* [Goal of the exercise]:
The task requires repeating, word for word, the lines from the one with "02-mingtong sculpteur (terre cuite).jpg" through the end of the material, leaving out all pictures.

* [Supplied information]:
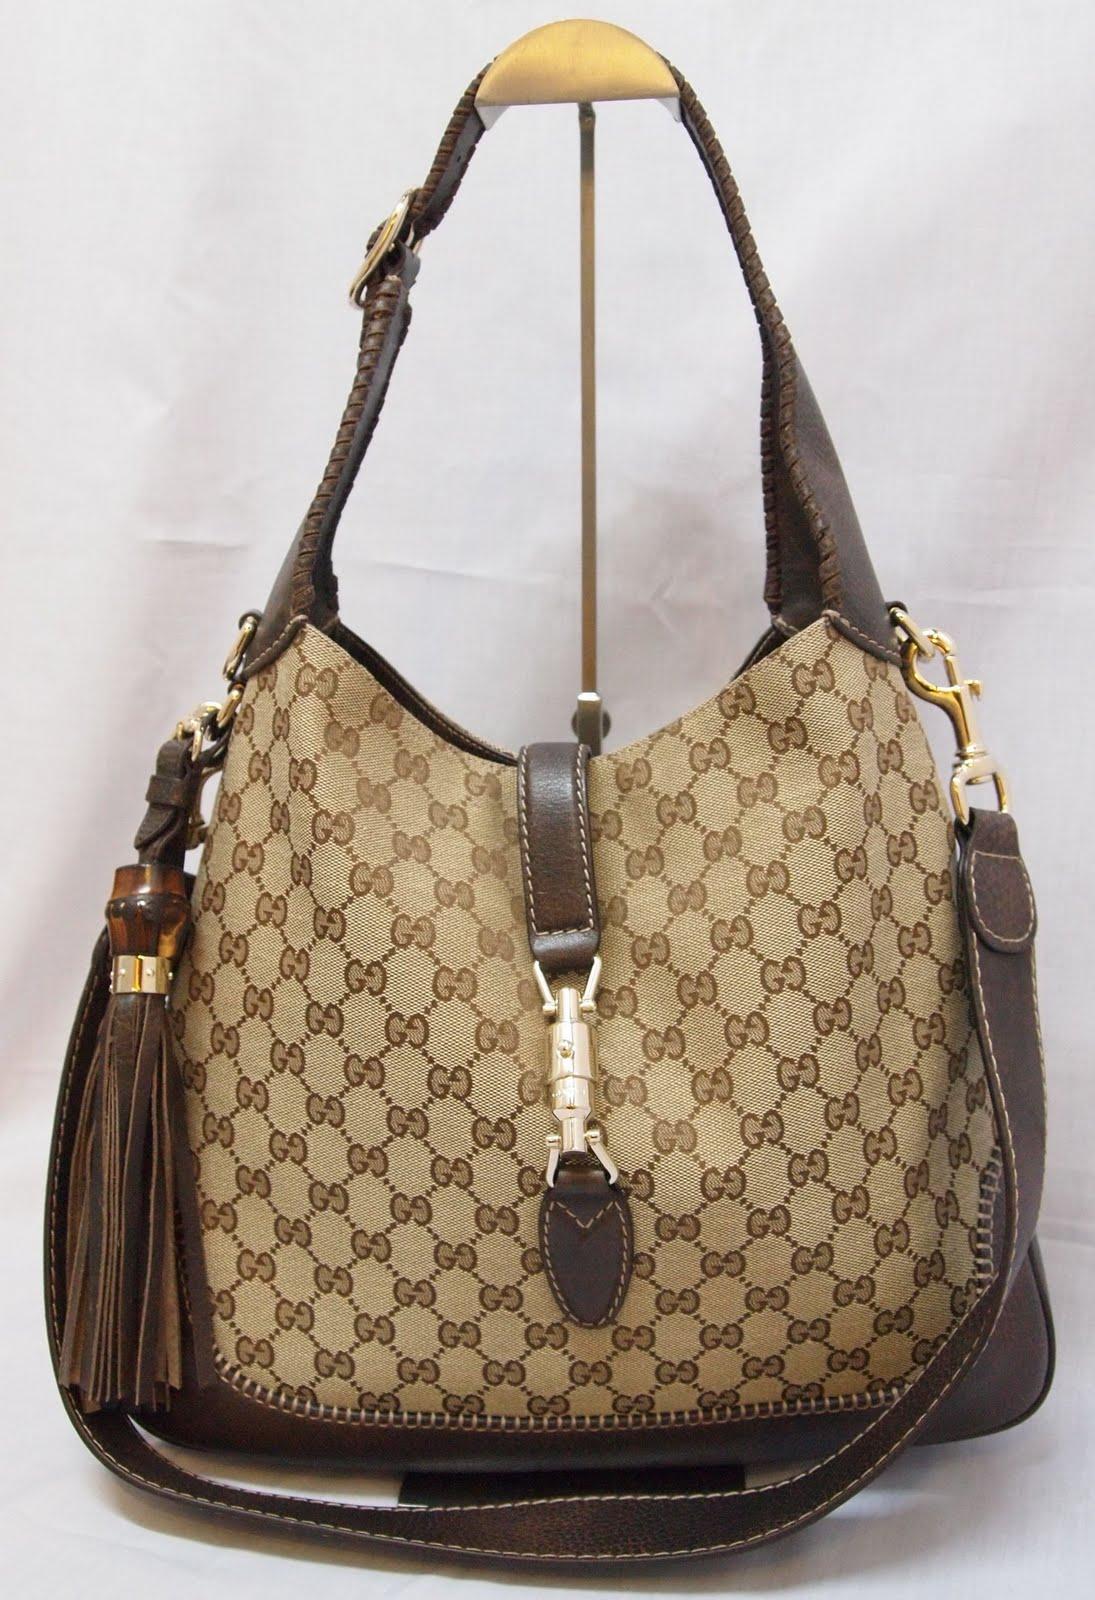 thedeborahshop the new jackie o bag
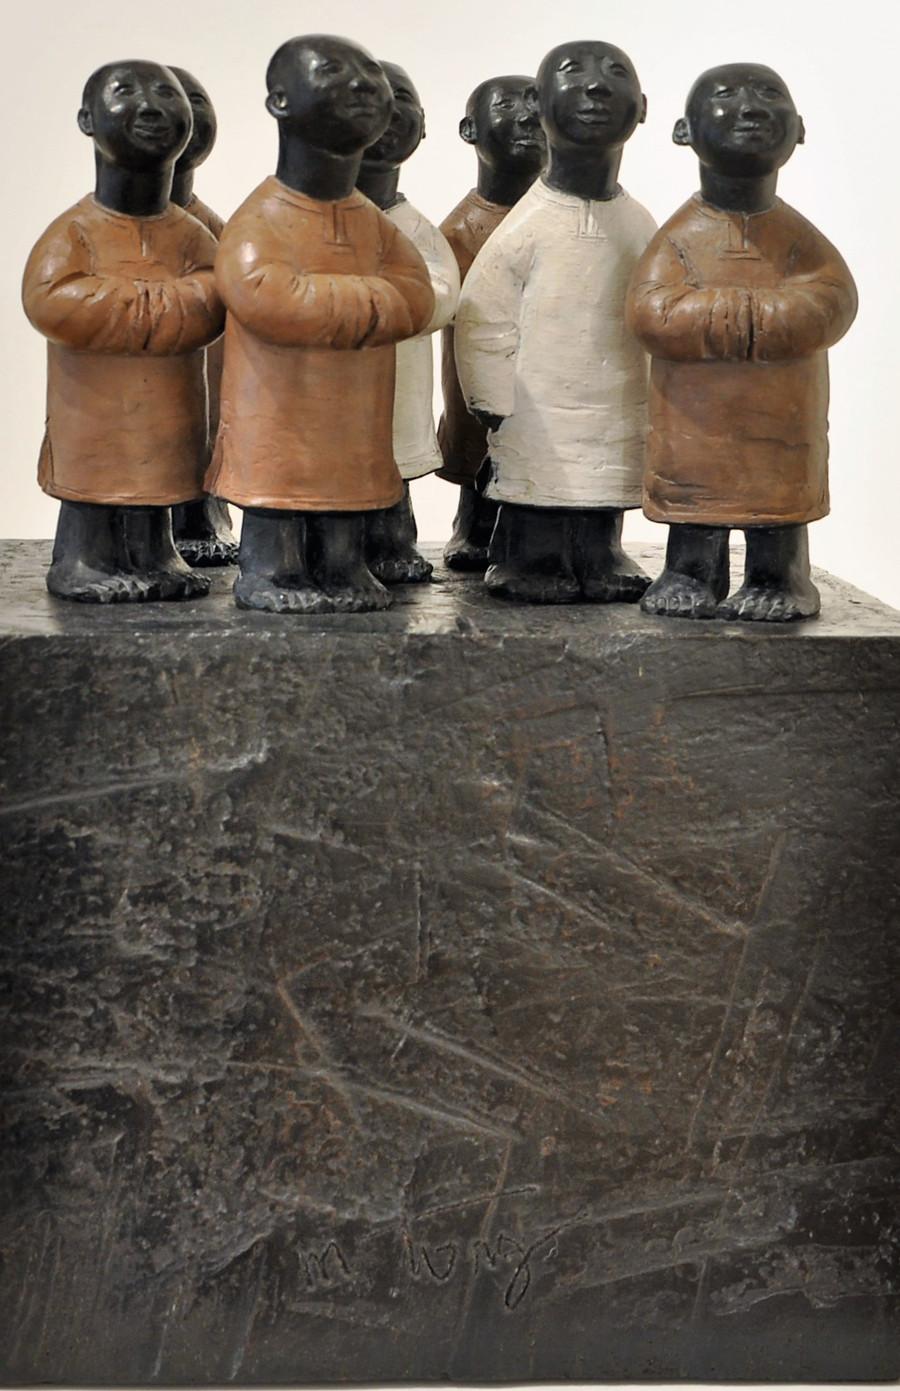 02-mingtong sculpteur (terre cuite).jpg
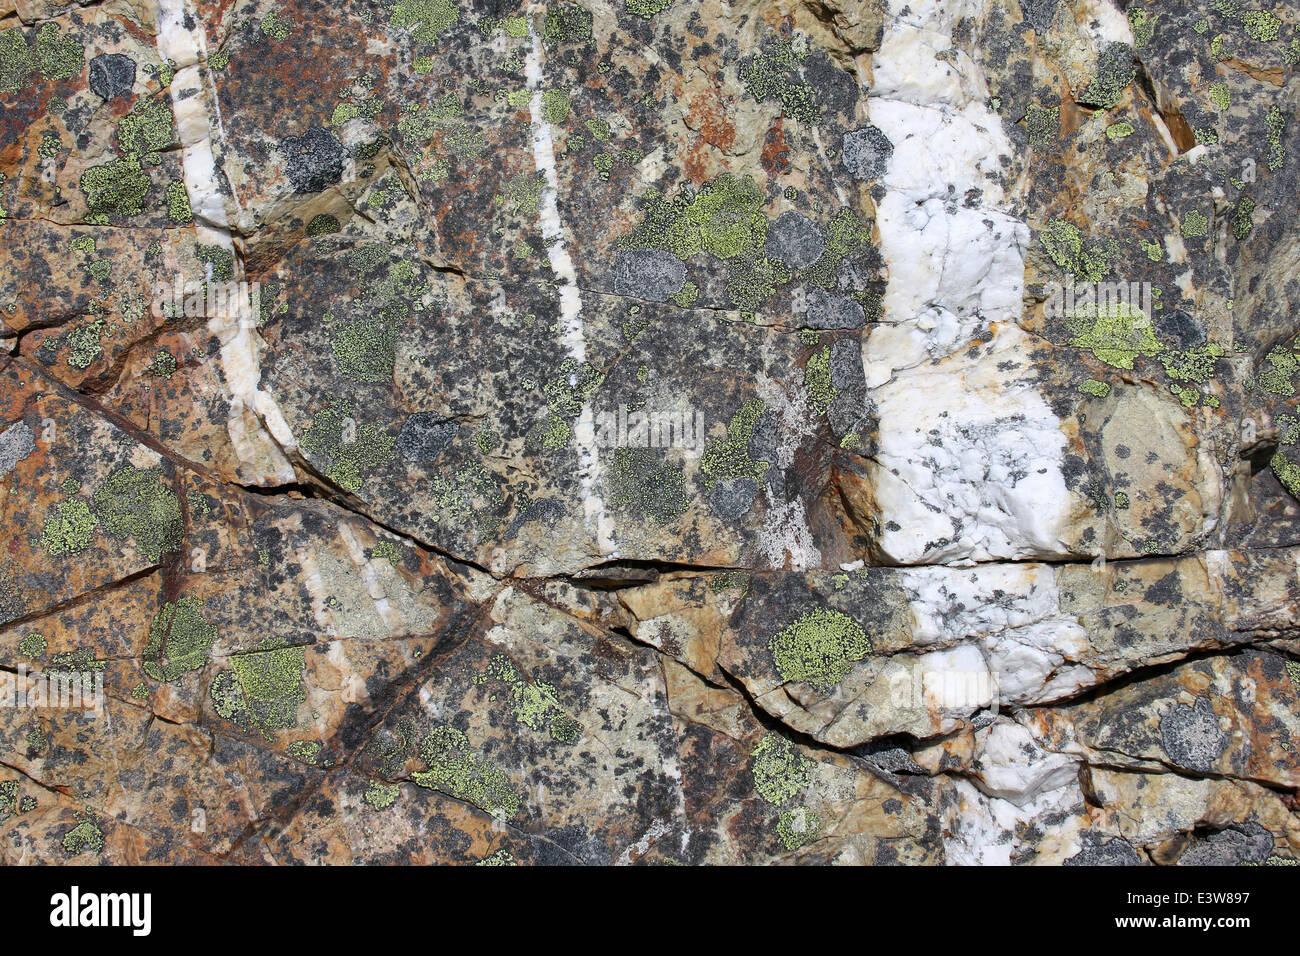 Quartz Veins Running Through Rhyolite - Stock Image

* [Answer to the exercise]:
 02-mingtong sculpteur (terre cuite).jpg
 Quartz Veins Running Through Rhyolite - Stock Image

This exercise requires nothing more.